В глазах публикаторов «трилогия о Куролесове — прежде всего памятник русской литературы XX века и блестящее описание московского и подмосковного быта 1960—1980-х годов». Назначенный статус памятника обязывает скрупулезно подходить к текстологии произведений — и в комментарии учтены все разночтения с журнальными публикациями, а также даны опущенные при редактуре фрагменты.

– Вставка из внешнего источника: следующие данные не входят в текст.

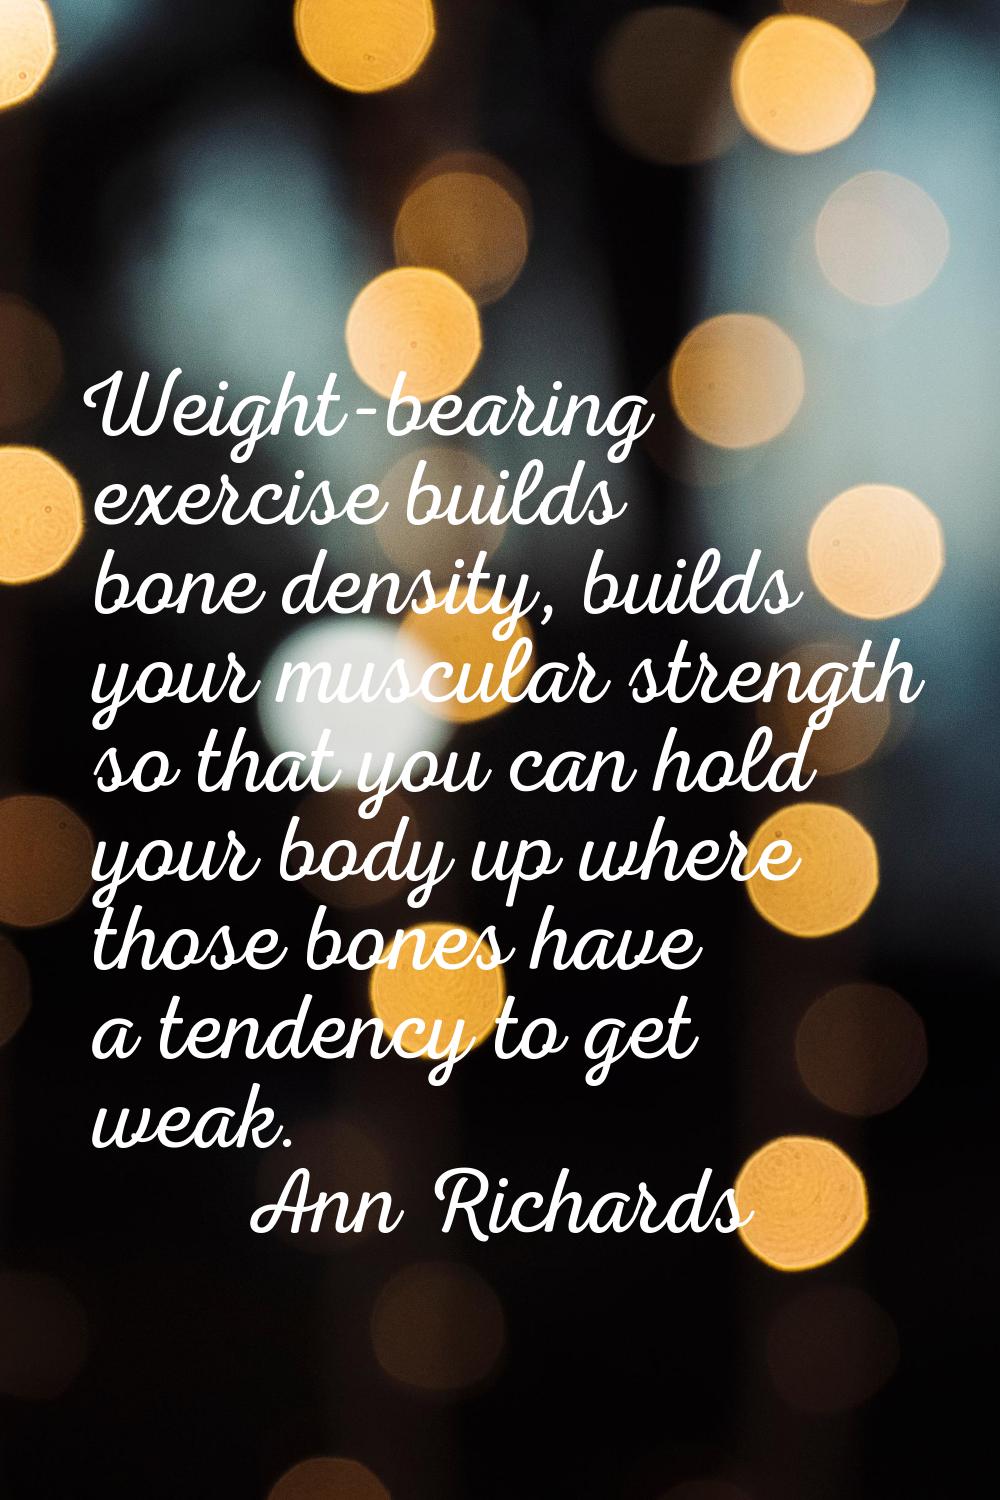 Weight-bearing exercise builds bone density, builds your muscular strength so that you can hold you

Статус исторического источника заставляет проделывать, может быть, самую интересную — по крайней мере, для стороннего читателя — работу: разыскивать нужные иллюстрации (например, советские плакаты об опасности курения в постели и архивные фотографии давно снесенного Зонточного переулка в Москве), пояснять совершенно не очевидные сейчас реалии: так, «стеклянные орехи», которые посыпались из разбитого телевизора, — это отсутствующие в современных телевизорах радиолампы (изображение такой лампы приводится сбоку). Но у детективных повестей Коваля есть и еще один статус: это популярные детские книги. Их и сегодня с удовольствием читают дети (специально зашел в районную московскую библиотеку — здесь стоит «Куролесов» издания 2013 года, на самой книге маркировка 0+, а библиотечная наклейка указывает 12+ — явное завышение). Мультфильм по первой повести регулярно транслируют по телевидению. И то обстоятельство, что книга вполне может попасть в руки детям, заставляет снабдить иллюстрациями и сам текст, а в комментарий включить разъяснения самых простых вещей: школьник еще может не знать, что такое наган и колотый сахар, но вот что такое Эверест — знание, доступное, кажется, и дошкольникам. Этот разнобой осознают сами комментаторы — хотя они заранее отвечают не на то соображение, что комментарий местами «слишком детский», а на то, что он местами «слишком взрослый» («напомним, что подобные упреки в свое время высказывались и в адрес детских книг самого Коваля»).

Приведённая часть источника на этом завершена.